As before, we note that $\alpha (x)$ is the norm of a decoupled Rademacher chaos of degree $2$ in a $k$-dimensional Hilbert space, which can be conveniently written as $\alpha (x) = \Vert \sum _{i=1}^n\sum _{j=1}^n \varepsilon _i\varepsilon '_j \mathbf{x}_{ij}\Vert _2$, where

$$\begin{aligned} \mathbf{x}_{ij} = AHP_{\{i\}} H P_{\{j\}} H x. \end{aligned}$$

As in the previous discussion, we bound the invariants of interest $U$ and $V$ as defined in (3.2) and (3.3), respectively. We start by bounding $U$. By definition,

$$\begin{aligned} U&\le \sup _{\mathop {\Vert \mathbf{y}\Vert _2,\Vert \mathbf{\alpha }\Vert _2,\Vert \mathbf{\beta }\Vert _2\le 1}\limits ^{\mathbf{y}, \mathbf{\alpha }, \mathbf{\beta }}} \mathbf{y}^{*}\,\,A D_\mathbf{\alpha }HD_\mathbf{\beta }H x. \end{aligned}$$

(4.2)

Notice now that since $x$ is $s$-sparse by assumption, we have $\Vert x\Vert _1\le \sqrt{s}$ and hence $\Vert Hx\Vert _\infty \le \sqrt{s/n}$ so that

$$\begin{aligned} \Vert D_\mathbf{\beta }Hx\Vert _2 \le \sqrt{s/n} \quad \text{ and } \quad \Vert D_\mathbf{\beta }Hx\Vert _1 \le 1. \end{aligned}$$

The right hand side inequality is due to Cauchy–Schwarz. In turn, this implies

$$\begin{aligned} \Vert HD_\mathbf{\beta }Hx\Vert _\infty \le 1/\sqrt{n} \quad \text{ and } \quad \Vert HD_\mathbf{\beta }Hx\Vert _2 \le \sqrt{s/n}. \end{aligned}$$

Therefore,

$$\begin{aligned} \Vert D_\mathbf{\alpha }HD_\mathbf{\beta }Hx\Vert _2 \le 1/\sqrt{n} \quad \text{ and } \quad \Vert D_\mathbf{\alpha }H D_\mathbf{\beta }Hx\Vert _1 \le \sqrt{s/n}. \end{aligned}$$

(4.3)

Again, the right hand side inequality is due to Cauchy–Schwarz.
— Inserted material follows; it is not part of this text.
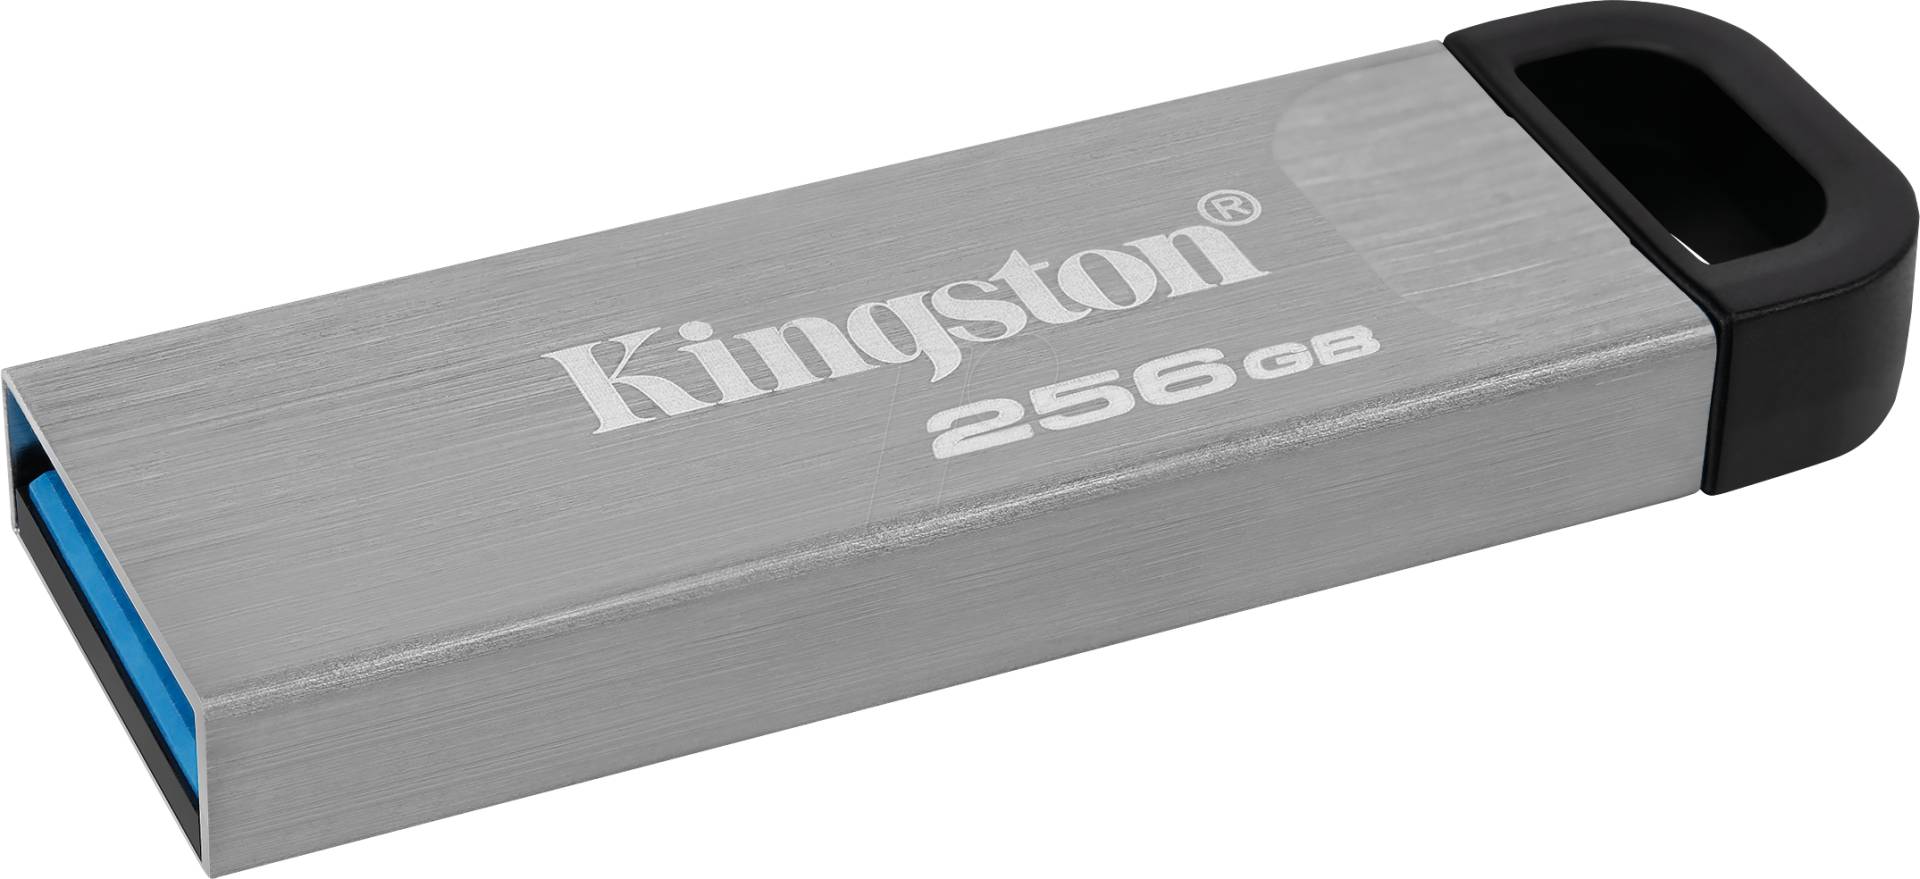 DTKN/256GB - USB-Stick, 256 GB USB3.2 Gen 1 DataTraveler Kyson von Kingston

We need the following simple lemma, see also [19, Lemma 3.1].

Lemma 4.1

Let $w\in {\mathbb C}^n$ be such that $\Vert w\Vert _1\le \sqrt{s} \rho $ and $\Vert w\Vert _2\le \rho $ for some integer $s$ and number $\rho >0$. Then there exist $N=\lceil n/s\rceil $ vectors $w^{(1)},\dots , w^{(N)}$ such that $w^{(i)}$ is $s$-sparse for each $i$, $w=\sum _{i=1}^N w^{(i)}$ and $\sum _{i=1}^N \Vert w^{(i)}\Vert _2 \le 2\rho $.

Proof

Assume wlog that the coordinates $w_1,\dots , w_n$ of $w$ are sorted so that $|w_1| \ge |w_2| \ge \cdots \ge |w_n|$. For $i=1,\dots , N$, let

$$\begin{aligned} w^{(i)} = (\underbrace{0,\dots , 0}_{(i-1)s \text{ times }}, w_{(i-1)s+1},\dots , w_{is}, 0, \dots , 0)^{*}\,\,\in {\mathbb C}^n \end{aligned}$$

and $\alpha _i = \Vert w^{(i)}\Vert _\infty = |w_{(i-1)s+1}|$. Clearly $w=\sum _{i=1}^N w^{(i)}$, and we have:

$$\begin{aligned} \sum \Vert w^{(i)}\Vert _2&= \Vert w^{(1)}\Vert _2 + \sum _{i=2}^N \Vert w^{(i)}\Vert _2 \le \rho + \sum _{i=2}^N \alpha _i \sqrt{s}. \end{aligned}$$

(4.4)

But now notice that for all $i=1,\dots , N$, $\Vert w^{(i)}\Vert _1 \ge \alpha _{i+1}s$ (where we define $\alpha _{N+1}=0$), hence we conclude, using the assumptions, that

$$\begin{aligned} \sum _{i=2}^N \alpha _i s \le \sum _{i=1}^N \Vert w^{(i)}\Vert _1 = \Vert w\Vert _1 \le \sqrt{s} \rho . \end{aligned}$$

Therefore, $\sum _{i=1}^N \alpha _i \sqrt{s} \le \rho $. Together with (4.4), this implies the lemma. $\square $

Remark 4.2

Note that the technique of grouping together monotonically decreasing coordinates of a vector in blocks is rather standard in compressive sensing, see for example [6] or [14].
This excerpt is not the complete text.